昨夜那场惊心动魄的自残与惩罚,到了这一日,已经彻底沉淀成温柔的安全感。天光大亮时,吴稔是在谢术怀里自然醒的。
一睁眼,入目便是谢术线条清晰的下颌、冷白的皮肤,还有那双平日里高冷疏离、此刻只盛满温柔的眼。他呼吸间全是让人安定的雪松香,手腕上的伤口已经换过干净的纱布,不疼,只微微发痒,像有人在心上轻轻挠。
“醒了?”
谢术的声音低哑又轻,怕吓着他似的,指尖慢慢拂过他鬓角碎发,动作轻得像在对待一件稀世珍宝。
吴稔眨了眨眼,长睫颤了颤,脸颊微微泛红,往他怀里又缩了缩,声音带着刚睡醒的软:“嗯……”
“还怕吗?”谢术问。
吴稔轻轻摇头,抬手,小心翼翼摸了摸谢术昨天打了他三百七十七下的手,指腹轻轻蹭过他的指节:“不怕了。就是……你的手还酸不酸?”
谢术心口一烫,抓住他的手按在自己唇边吻了下,眼底又软又涩:“不酸。倒是你,昨晚哭成那样,眼睛还肿不肿?”
吴稔不好意思地埋进他颈窝:“不肿了……我以后真的不闹了,不让你心疼,也不让你动手。”
“我不是要罚你。”谢术抱紧他,声音沉而认真,“我是怕再晚一步,我就真的失去你了。”
这句话太重,吴稔鼻尖一酸,差点又掉眼泪,只能用力点头,把脸埋得更深:“我知道……我都知道。”
两人安静依偎了一会儿,阳光铺满大床,暖得人浑身发懒。
谢术忽然开口,声音很轻,却异常清晰:“今天,跟我回趟家吧。”
吴稔猛地一僵,瞬间从他怀里抬头,眼睛都睁大了一圈,原本褪去的慌乱又一点点冒出来:“回、回家?”
“嗯。”谢术看着他紧张的模样,心疼又好笑,伸手揉了揉他头发,“回我家,见我爸妈,还有我姐。”
吴稔瞬间紧张得手心都冒汗了。
他和谢术在一起这么久,不是没听过谢术提起家人——父亲谢明远,商界举足轻重的Alpha,气场强大却极其护短;母亲周海裴,温柔知性,对谢术从小宠到大;姐姐谢轻艺,强势干练的女Alpha,是谢术最亲的家人,也是一直帮他、护他的助攻。
他知道谢术家境极好,全家宠爱,和他那个支离破碎、只剩痛苦的原生家庭,完全是两个世界。
他怕。
怕谢术的父母不喜欢他。
怕他们嫌弃他出身普通,嫌弃他父母早逝,嫌弃他寄人篱下,嫌弃他满身伤痕、心理脆弱,甚至……嫌弃他曾经自残,满身阴暗。

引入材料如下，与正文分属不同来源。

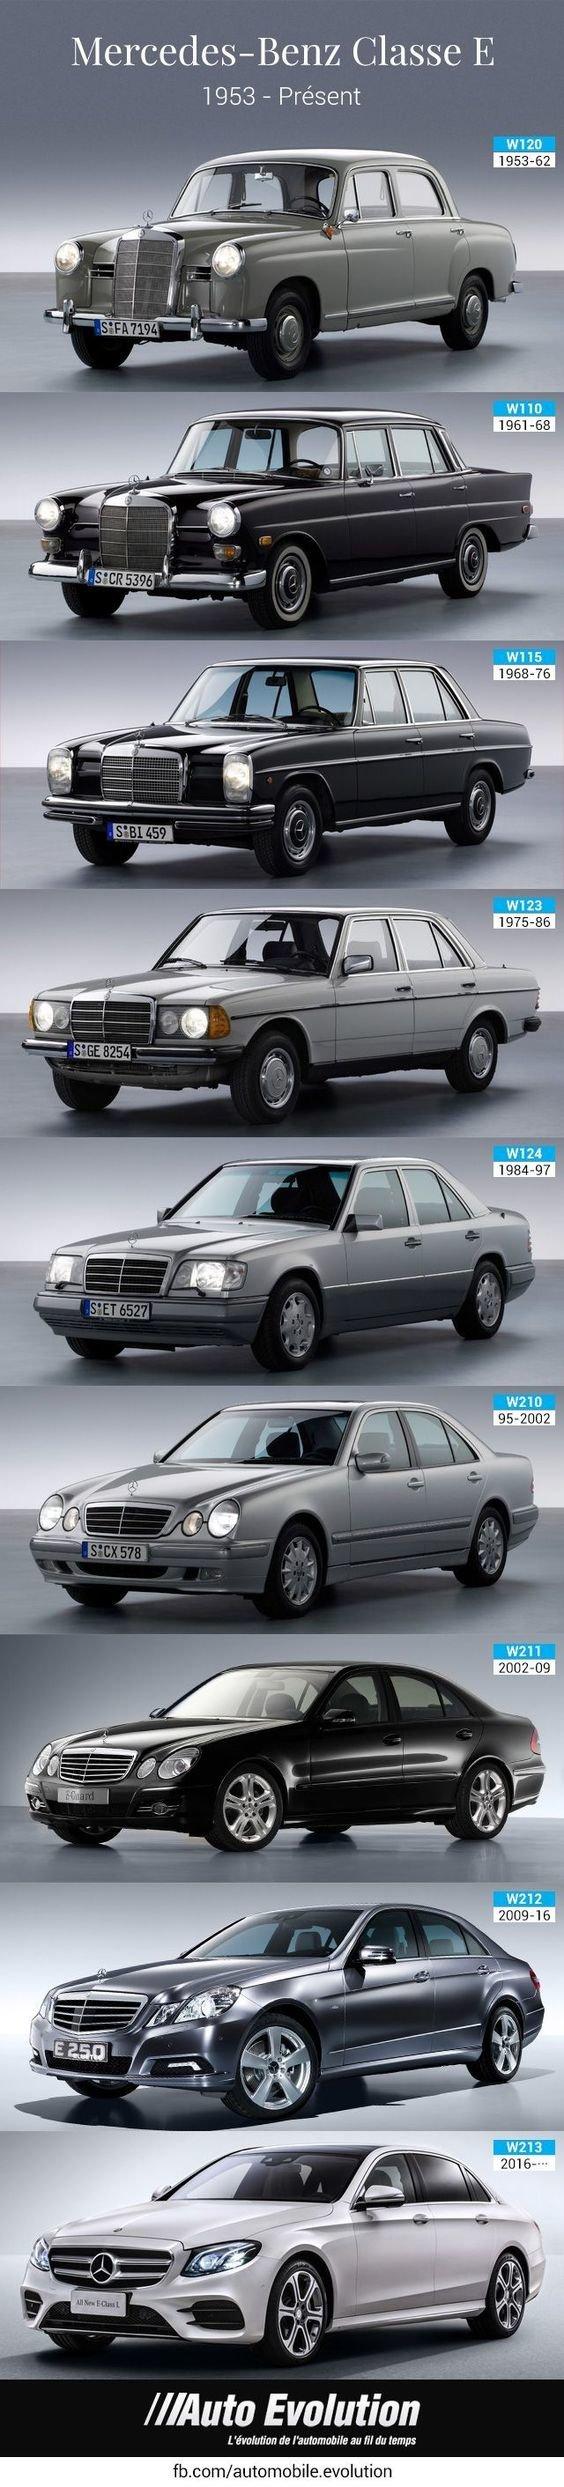 مراحل تطور سيارة #مرسيدس الفئة #Mercedes_E #سيارات منذ عام 1953 إلى ما بعد عام 2016

他配不上谢术这四个字,像一根刺,时时刻刻扎在他心上。
谢术一眼就看穿了他的不安,伸手握住他微凉的手,与他十指紧扣,语气坚定又温柔:“别怕,有我在。”
“我爸妈早就知道你了。”
“我姐更是从头到尾站在你这边。”
“他们不是要为难你,是想亲口告诉你——以后,你也是我们家护着的人。”
吴稔嘴唇轻轻颤抖,眼眶微微发红:“可是……我这样的人,他们真的会接受吗?我家里那样,我身上又有那么多毛病……”
他越说越小声,越说越自卑。
十六岁前的幸福太短,十六岁后的黑暗太长。
伯父的冷漠,伯母的虐待,那些辱骂、下药、精神折磨,像烙印一样刻在他身上。他偏执、敏感、缺安全感、还会自我伤害,这样的他,怎么配走进谢术那样明亮温暖的家庭。

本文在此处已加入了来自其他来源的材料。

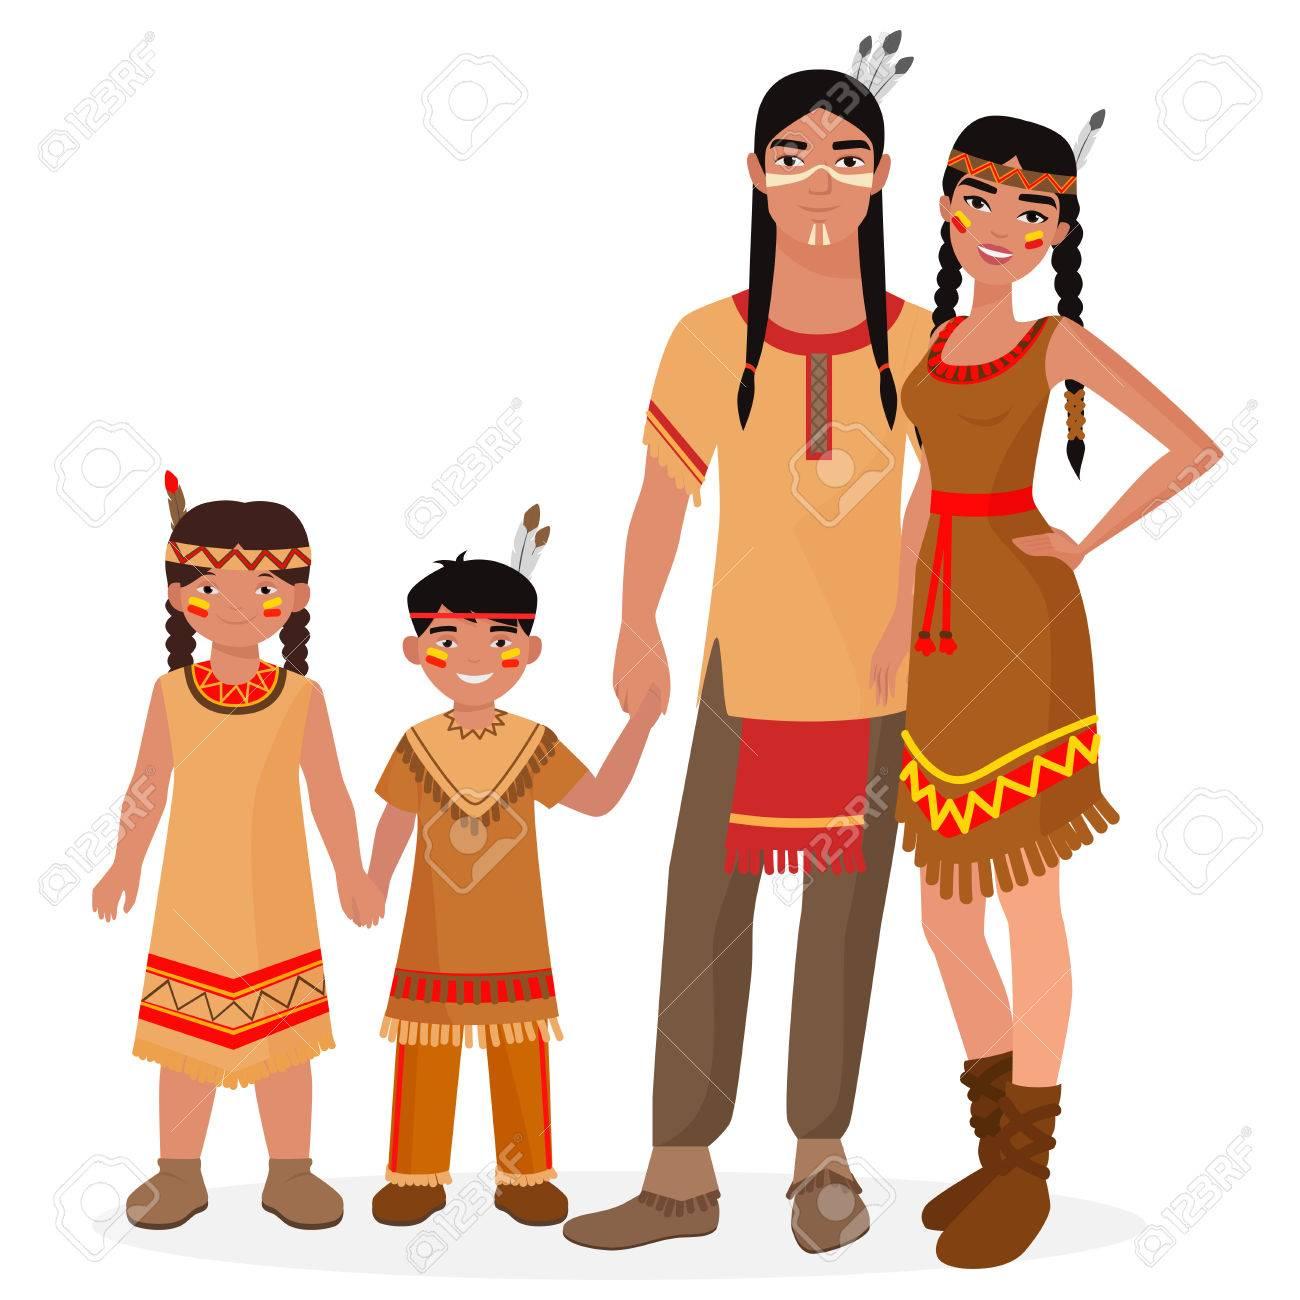 569b5abf1 Familia tradicional india americana nativa. El hombre indio americano y de  la mujer. niño

谢术看着他眼底又翻涌上来的破碎感,心口一抽,俯身,轻轻吻住他的额头。
“吴稔,你听清楚。”
“你是什么样的人,我比谁都清楚。”
“你受过的苦,我知道,我姐知道,我爸妈也知道。”
吴稔猛地抬头:“你、你们都知道?”
“嗯。”谢术点头,声音平静却有力,“你跟我说的所有事,我都告诉我姐了,我姐也慢慢跟我爸妈提了。他们没有一个人嫌弃你,没有一个人觉得你脏、觉得你不好。”
他顿了顿,一字一句,砸进吴稔心里:
“他们只觉得,你受了太多苦,从小没人疼,以后要加倍对你好。”
吴稔彻底愣住,眼泪毫无预兆地掉了下来。